Was the BTA30 model shown at CHIE Guangzhou 2020 the production (final) version? It appears that a 3.5mm input did not make the design.

Also, any update on the release date?


----------



## FiiO

johnston21 said:


> Hi Fii0,
> 
> Was the BTA30 model shown at CHIE Guangzhou 2020 the production (final) version? It appears that a 3.5mm input did not make the design.
> 
> Also, any update on the release date?


Dear user,

Yes, and it will be available at the end of this month if everything goes well.

Best regards


----------



## johnston21

AVShop.ca is now listing the BTA30, though not yet in-stock.


----------



## Fawzay

Its official guys! 😊
https://www.fiio.com/BTA30


----------



## FiiO (Oct 30, 2020)

The BTA30 is now available in our Aliexpress store for the price 89.99USD.

Product quantity is limited, first come first served!!!    

*Buy now:* https://www.aliexpress.com/item/1005001677949000.html

For more information about BTA30, you could go to: https://www.fiio.com/bta30

Technical support for BTA30: https://www.fiio.com/bta30_faq


----------



## Fawzay

@FiiO When will it be fully available through the international market though?


----------



## johnston21 (Oct 30, 2020)

aptX-HD and aptx-LL, nice!
The Fii0 website mentions USB Digital input. Cool, though the source would be powering it.


----------



## Lockheed7

I'm very glad, that finally I can buy it, however I wanted to use this* for my computer with LDAC headphone and speaker*, and I just saw this in the description:



FiiO, what is the reason of this? No Windows support for LDAC?
Could this be eliminated by a future firmware update?
Please make a solution for this, I have been waiting for this product since summer.

Many thanks!


----------



## johnston21 (Oct 30, 2020)

It still supports 2 Bluetooth output connections (at the same time).
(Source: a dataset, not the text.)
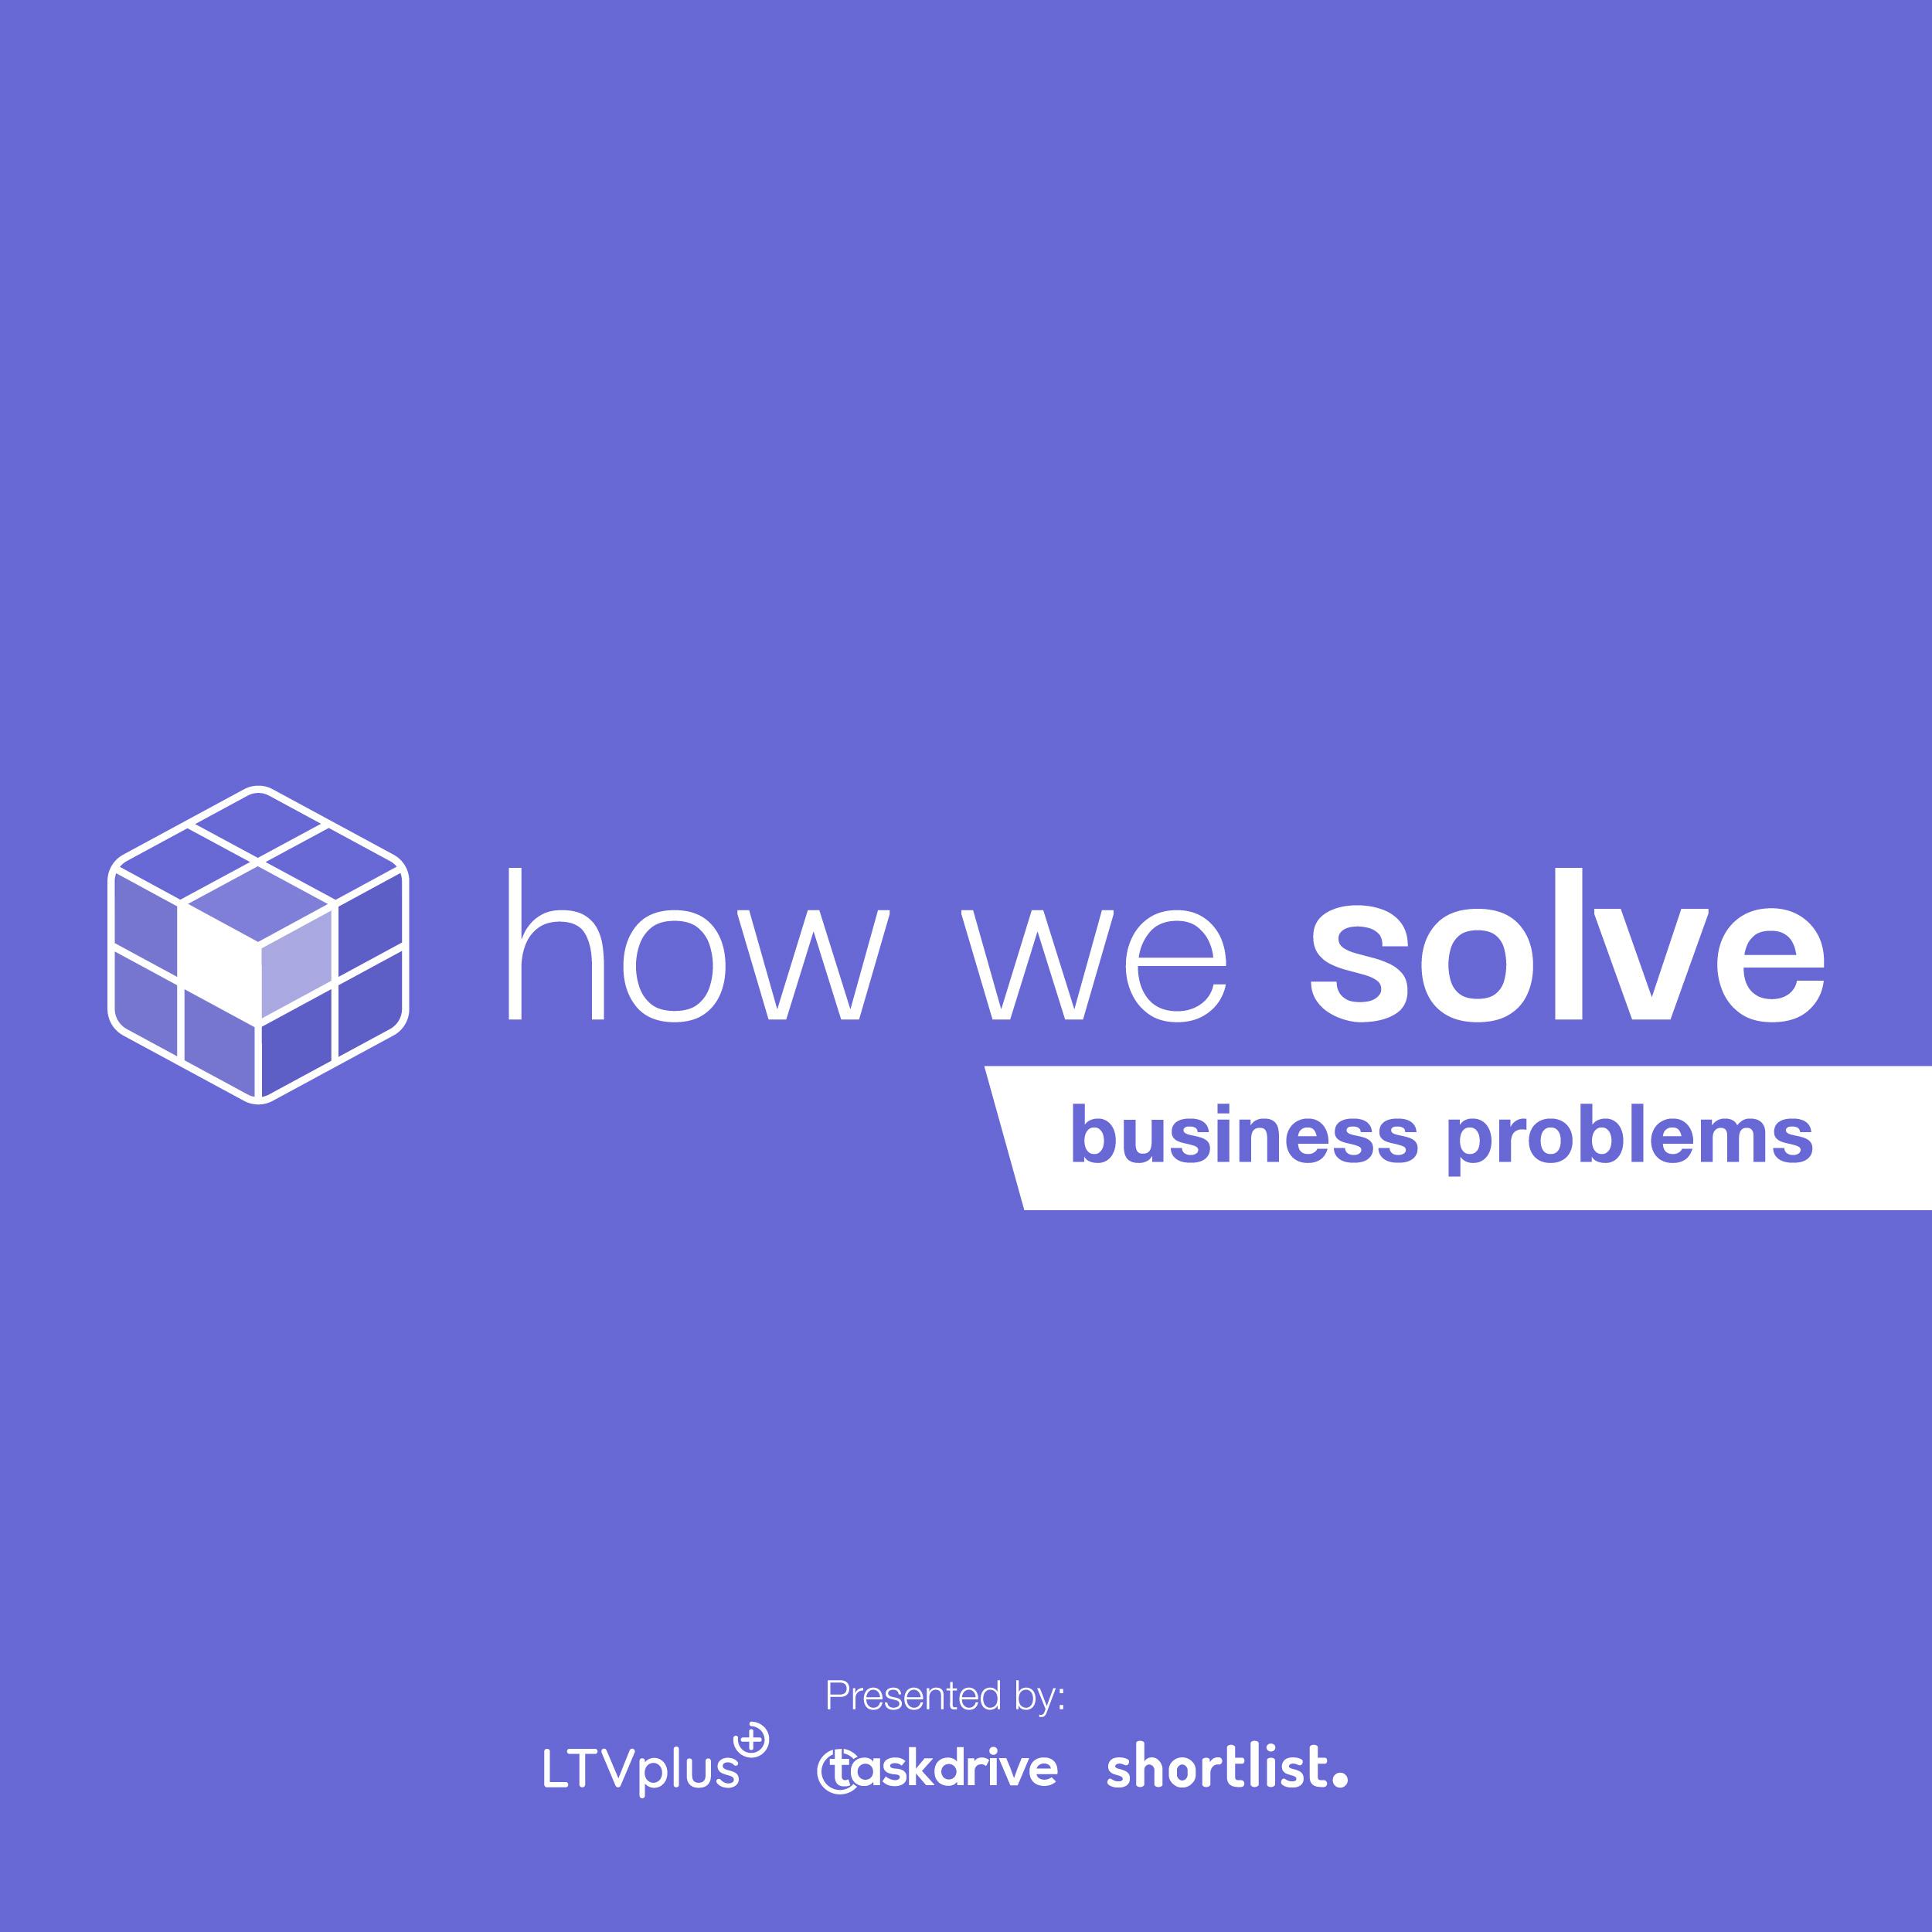 How We Solve

_First, complete the connection to the 1st device, and then press the PAIR button for 3s to enter the pairing state again. At this time, connect it to the 2nd one. When the connection is finished, reboot the BTA30, so it can reconnect to the 2 devices automatically.

Notices:
--The connection can be completed only if the 2 devices are in the pairing state.
--Under RX/TX mode in LDAC and aptX LL codecs, the BTA30 is not supported to be connected to 2 devices at the same time._


----------



## caprimulgus

johnston21 said:


> _--Under RX/TX mode in LDAC and aptX LL codecs, the BTA30 is not supported to be connected to 2 devices at the same time._



Damn! 



Kean FiiO said:


> In TX mode，it can support dual-link aptX-LL when the connecting two headphones support aptX-LL both.



What happened to this, Fiio?

Is this something that could potentially be reinstated on a software / firmware level?


----------



## mikaell

Hi @FiiO 

If the unit is plugged in to my computer via USB, can it output the digital signal via Coax to another device?

Thanks!


----------



## Ab10

Great Device - Absolutely sold in the feature that volume knob can control the output level of the line out, I need this thing badly - Want to go for Topping DX3 pro but this one does the job for my requirements much less price.

Only thing is missing IR Remote Control....Please send it to 'Fiio co in' Can't buy from your AE store, As my country is in War with yours.


----------



## noobandroid

oh geez i wonder if there will be complications if i import from aliexpress to malaysia
maybe


----------



## nikobland

I’ve been searching for a way to transmit my record player output via ldac, and thought I had found the grail here, but I think not, sadly.
Is there another FiiO product that does the job, that is not a DAP?
Thanks!


----------



## Tano

Well I just bought this to use it with my Tv mostly. Looking forward to use it and tell you if it's worth it.


----------



## nikobland

Tano said:


> Well I just bought this to use it with my Tv mostly. Looking forward to use it and tell you if it's worth it.


Thanks @Tano 
I think I will try and get hold of one for the TV Box I have too come to think of it.
Look forward to reading your impressions!


----------



## Tano

nikobland said:


> Thanks @Tano
> I think I will try and get hold of one for the TV Box I have too come to think of it.
> Look forward to reading your impressions!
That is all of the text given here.